"Go Your Own Way" is a song by British-American rock band Fleetwood Mac from their eleventh studio album, Rumours (1977). The song was released as the album's first single in December 1976 on both sides of the Atlantic. Written and sung by Lindsey Buckingham, it became the band's first top-ten hit in the United States. "Go Your Own Way" has been well received by music critics and was ranked number 120 by Rolling Stone magazine on their list of 500 greatest songs of all time in 2010, and re-ranked number 401 in 2021. They also ranked the song second on their list of the 50 greatest Fleetwood Mac songs.

Recorded in three separate studios, the track was developed over a period of four months. As with most tracks on the Rumours album, none of the instruments was recorded live together; the tracks were instead completed through a series of overdubs. Lyrically, "Go Your Own Way" is about Buckingham's breakup with bandmate and former lover Stevie Nicks.

Composition

"Go Your Own Way" was written at a house the band rented in Florida between legs of their Fleetwood Mac Tour. Mick Fleetwood, the band's drummer, remembered that the house had a "distinctly bad vibe to it, as if it were haunted, which did nothing to help matters…". For the first song Buckingham wrote for Rumours, Buckingham picked up an electric guitar and chugged the chord progression. In what he described as "a stream of consciousness", he sang the opening line, "Loving you isn't the right thing to do". By 1976 the romantic relationship between Stevie Nicks and Lindsey Buckingham had come to an end. While Buckingham and Nicks were still on speaking terms, their conversations often devolved into yelling and screaming matches.
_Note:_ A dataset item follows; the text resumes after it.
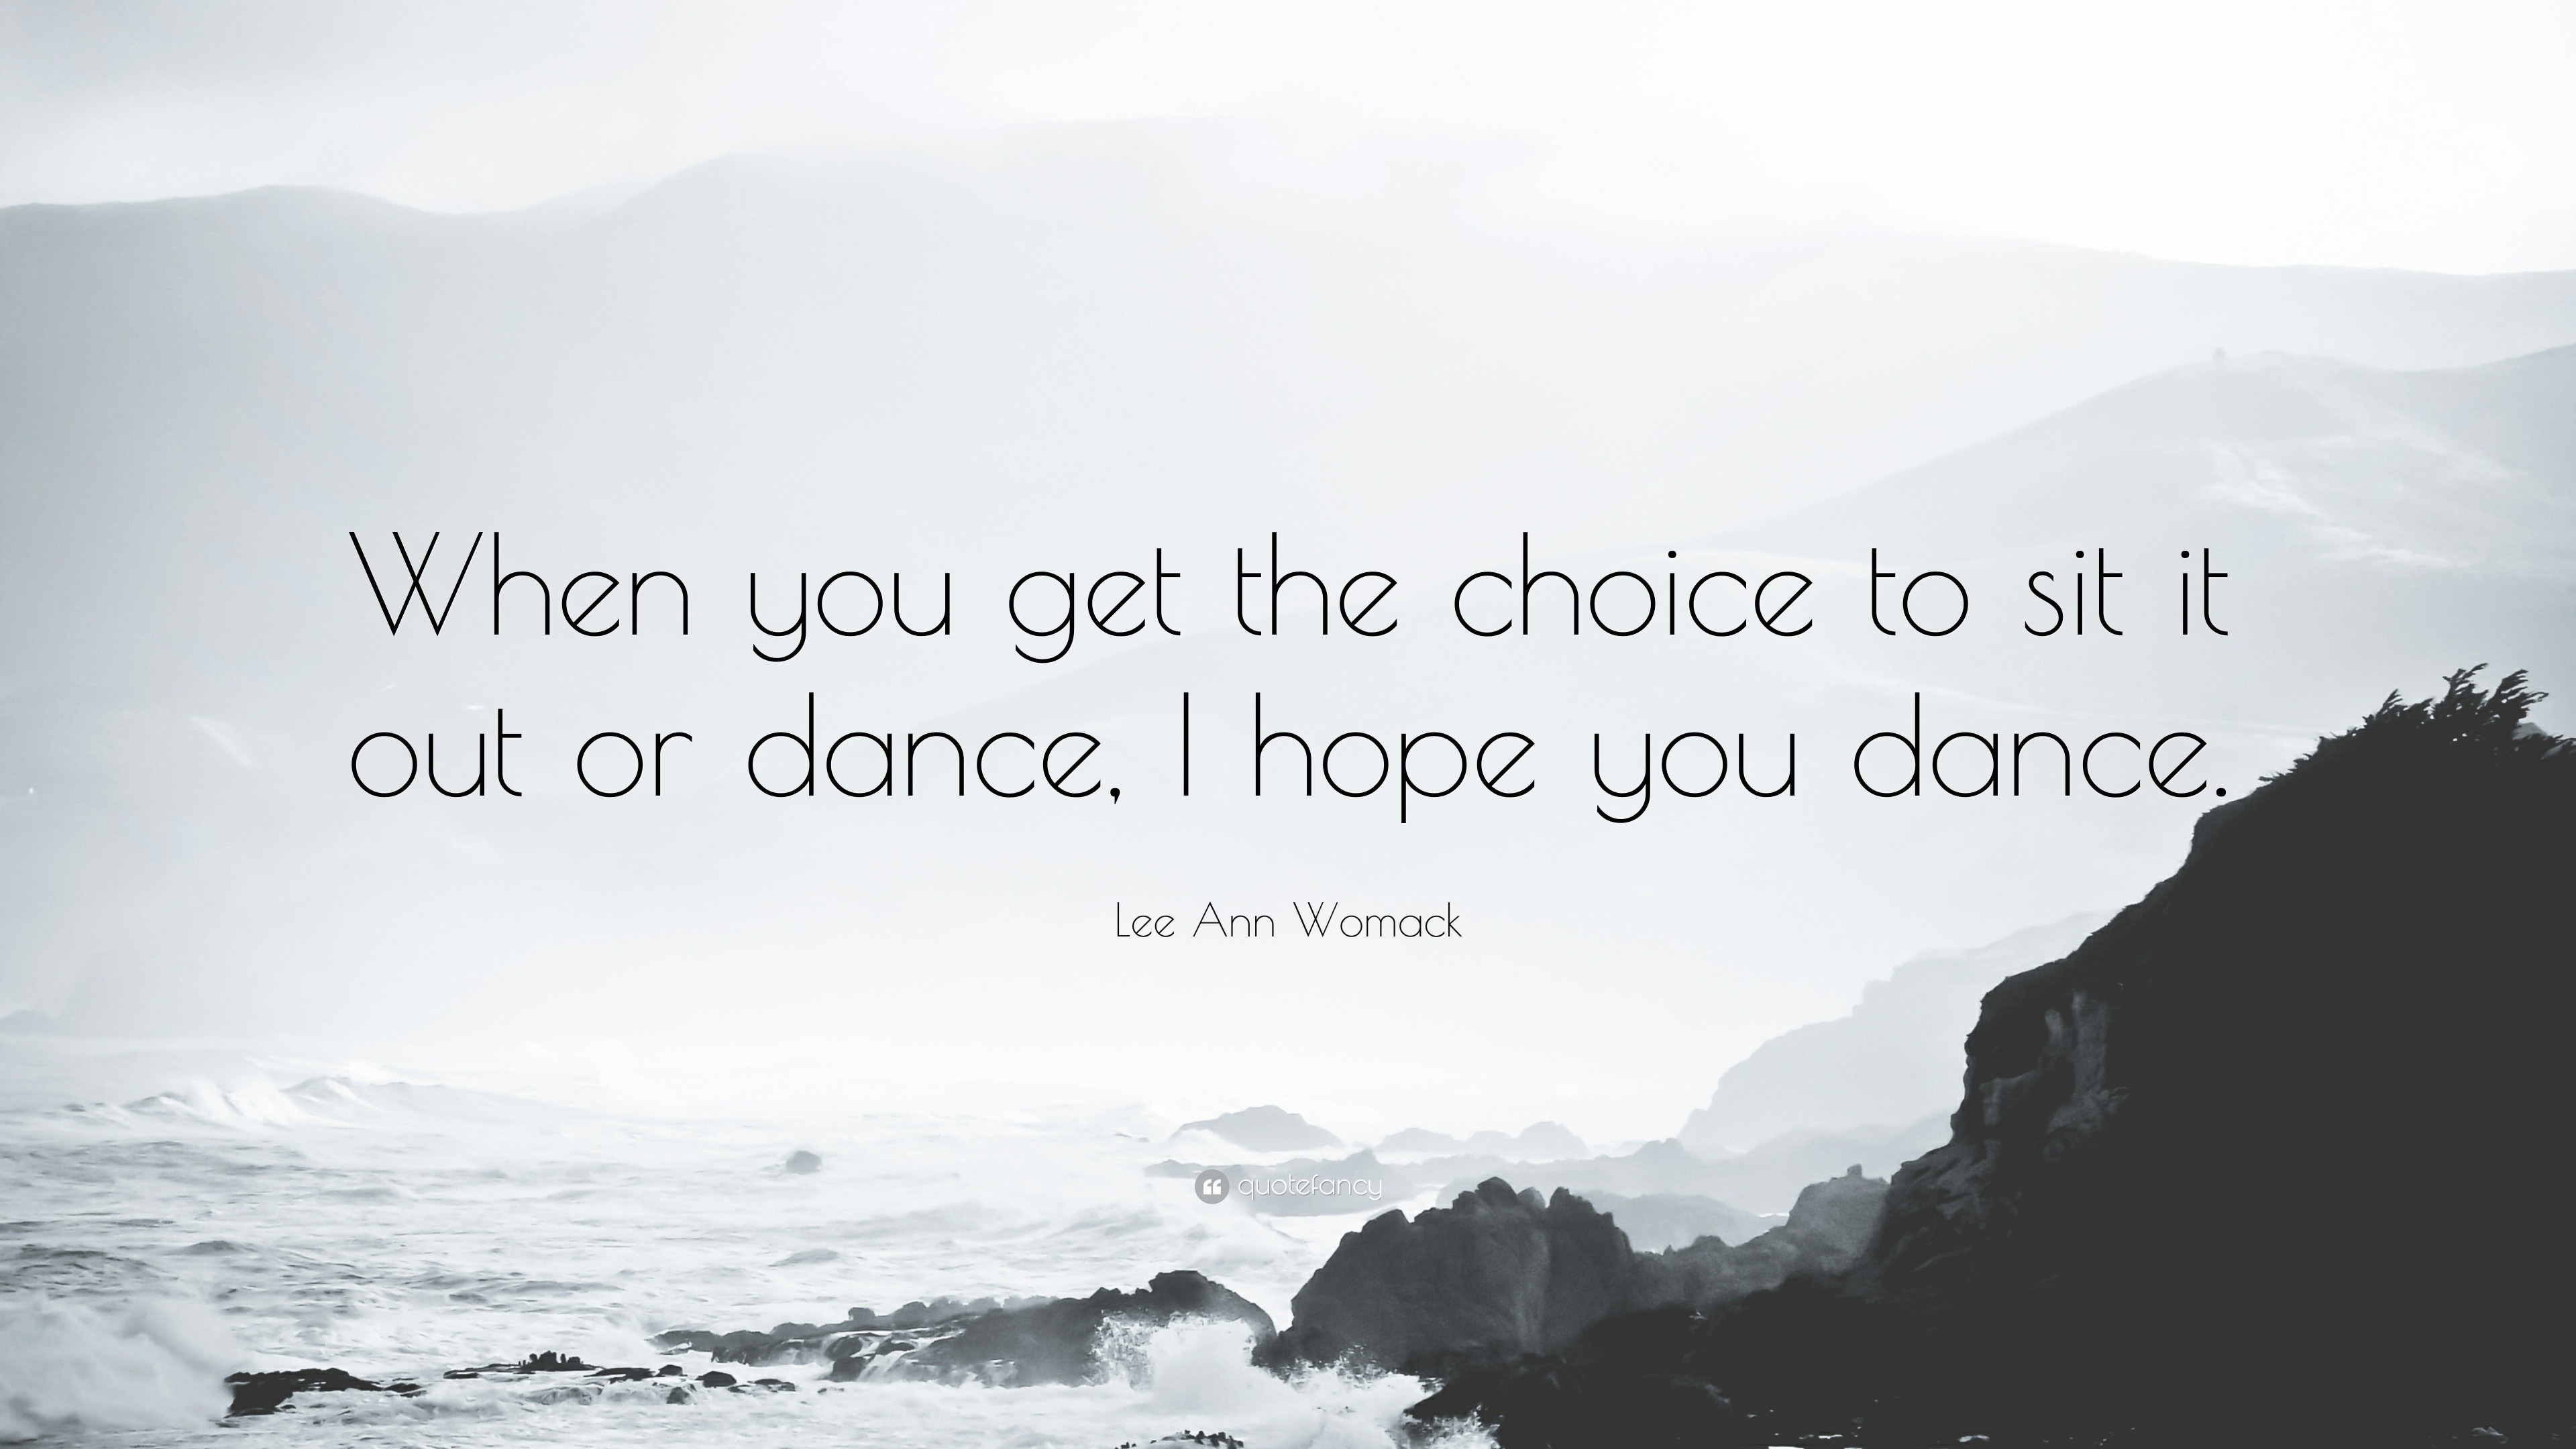 Lee Ann Womack Quote: “When you get the choice to sit it out or dance, I

Inspired by the drum feel of "Street Fighting Man" by The Rolling Stones, Buckingham sought to incorporate a variation of the groove in "Go Your Own Way". On "Street Fighting Man", the drumbeat alternates between the tom-tom and the snare drum, which Buckingham wanted Fleetwood to play on "Go Your Own Way"'s verses. Ken Caillat, Fleetwood Mac's producer, took notice of Buckingham's enthusiasm as he demonstrated the drum part he envisioned to Fleetwood. "I remember watching him guide Mick (Fleetwood) as to what he wanted – he'd be so animated, like a little kid, playing these air tom fills with his curly hair flying. Mick wasn't so sure he could do what Lindsey wanted, but he did a great job, and the song took off." Fleetwood would ultimately come up with his own variation of the "Street Fighting Man" groove, where he played across the tom-toms while letting the bass drum play the middle beat.

Initially, John McVie tracked a busier, and bouncier bass part that gave the song "a country feel". To prevent the verses from becoming too bloated, Buckingham asked him to straight eighth notes along with the rhythm guitar. Buckingham granted McVie more artistic liberty on the choruses, which he opened up with a more melodic bass line. Additional overdubs of Hammond B3 organ, electric and acoustic guitars, layered backing vocals, and assorted percussion such as the bell of a cymbal and maracas were also added to the mix. The song follows an aeolian I-VI-VII descending chord progression.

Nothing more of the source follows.